Вопрос в том, что в Славниковой и первое, и второе (природное и механическое) как-то особенно ярко ощутимы. Что «2017», что «Легкая голова» – безусловно, очень придуманные романы, легкий привкус неорганичности вещества там есть – и одновременно с этим безоговорочно понятно, что автор настолько в ладах со словом, будто родился со знанием даже не букваря, а словаря – и всех наилучших сочетаний и переплетений словес.

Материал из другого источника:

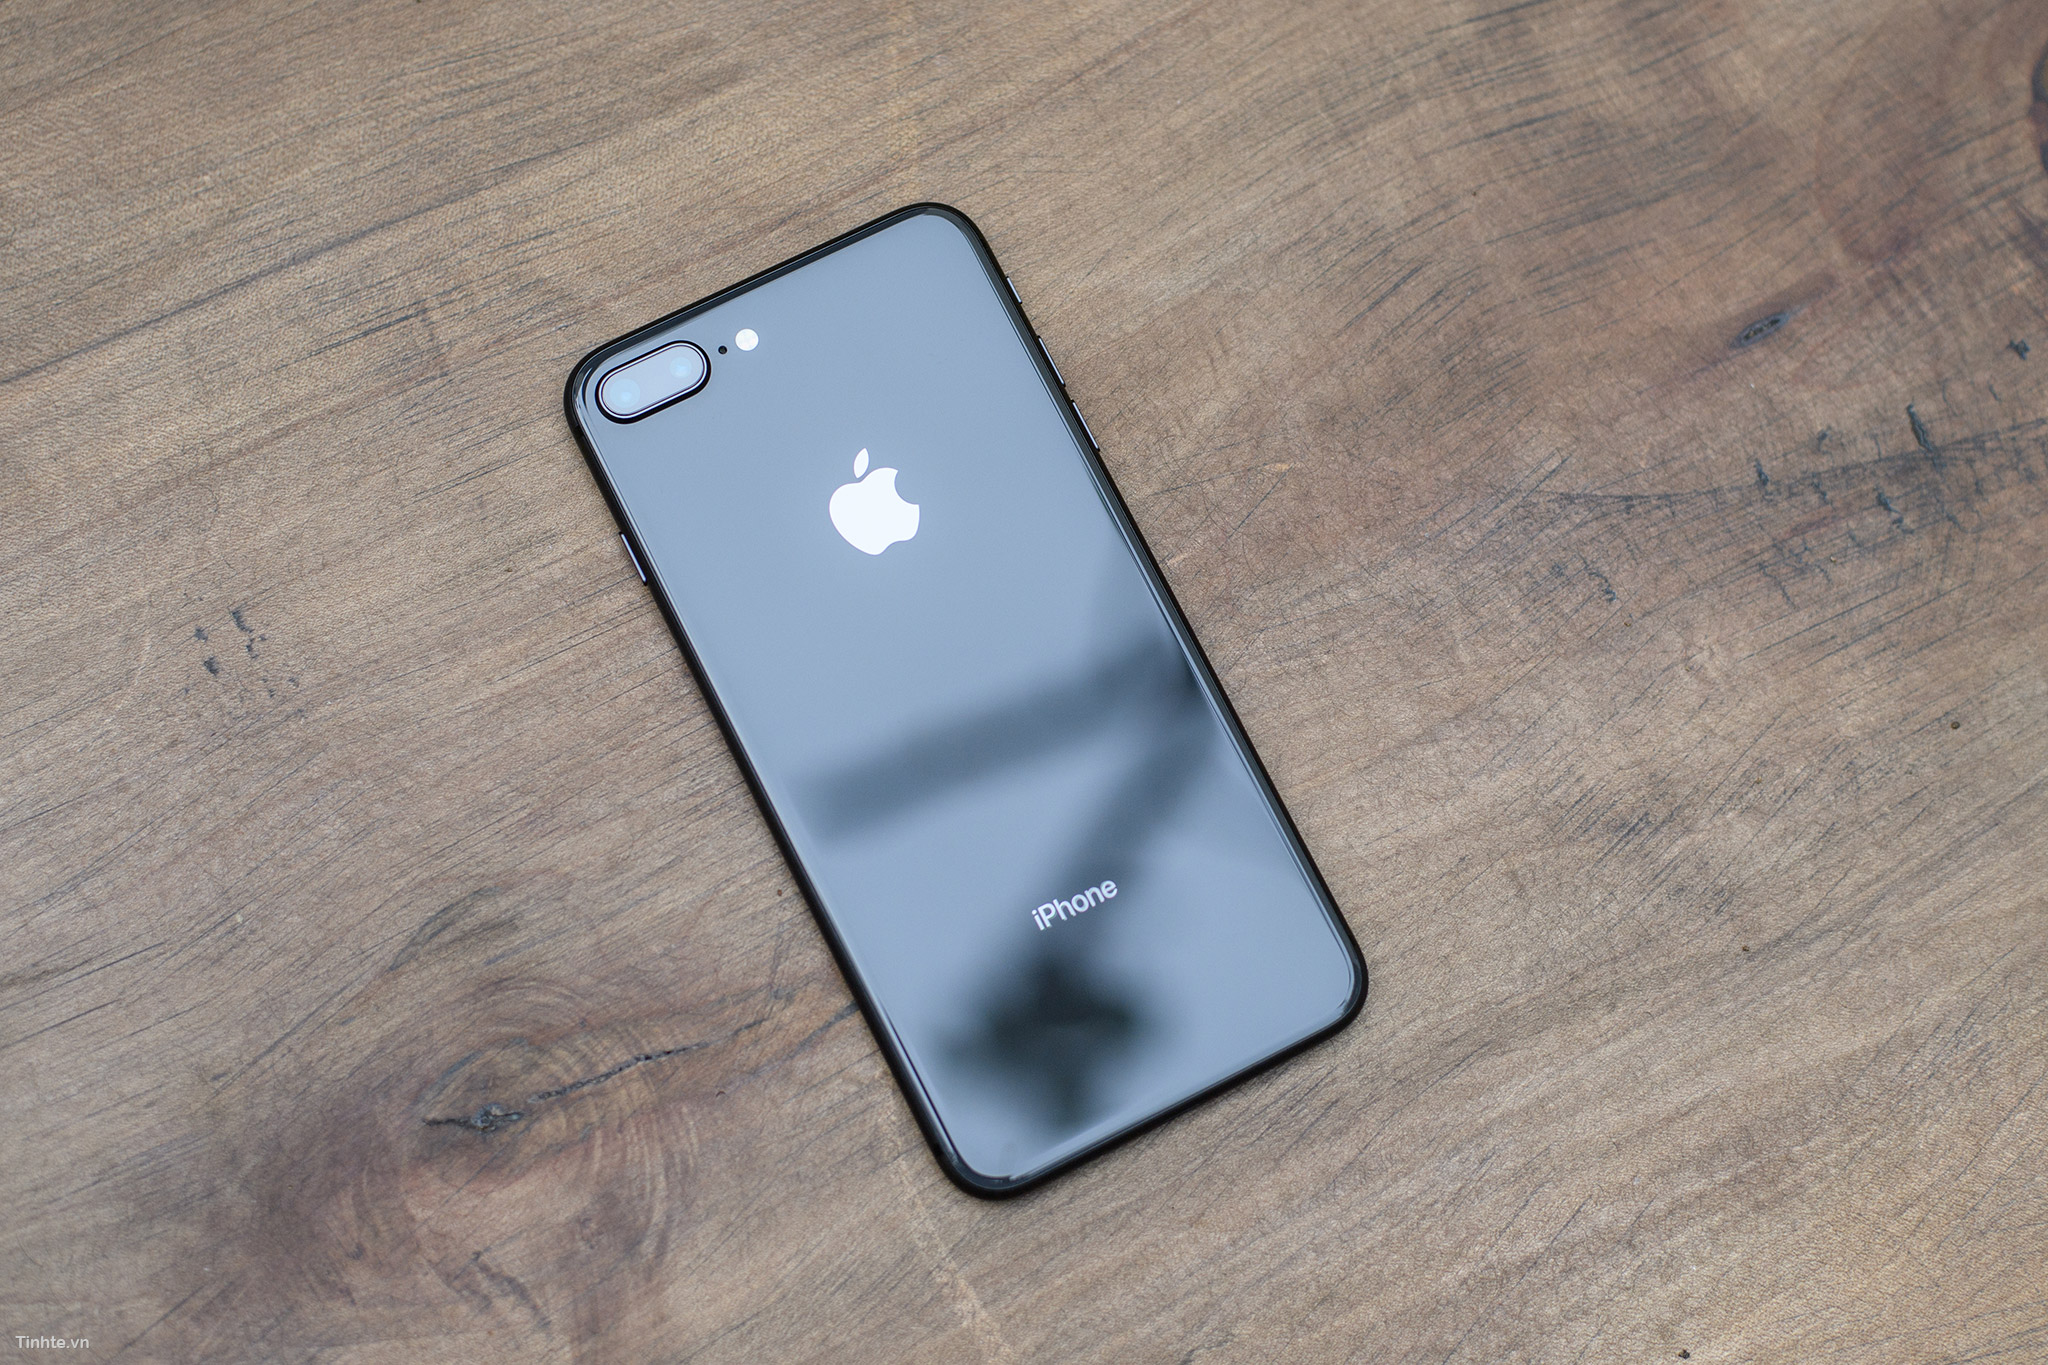 Màu sắc Space Gray của iPhone 8 thật ấn tượng! Nó mang đến một cảm giác đẳng cấp và sang trọng cho chiếc điện thoại của bạn. Hãy xem ảnh để tận hưởng sự đẹp mắt này!

Понятно, отчего Славникову так часто сравнивают с Набоковым, – но в ее случае надо сделать одно уточнение. Это будто бы смешанный Набоков русский, ранний – в котором, как ни крути, стихия чувствуется все равно: и в романтической «Машеньке», и даже в «Защите Лужина», и тем более «Даре» – с Набоковым поздним, американским, после «Лолиты» – достаточно отстраненным, холодным, «профессорским» или, как выражался один неглупый человек, «пробирочным». (Тут, наверное, стоит уточнить, что поздний Набоков лично мне нравится больше – там такая мраморная безупречность, такая работа сверхчеловеческого интеллекта, что это зачаровывает больше любой стихии.)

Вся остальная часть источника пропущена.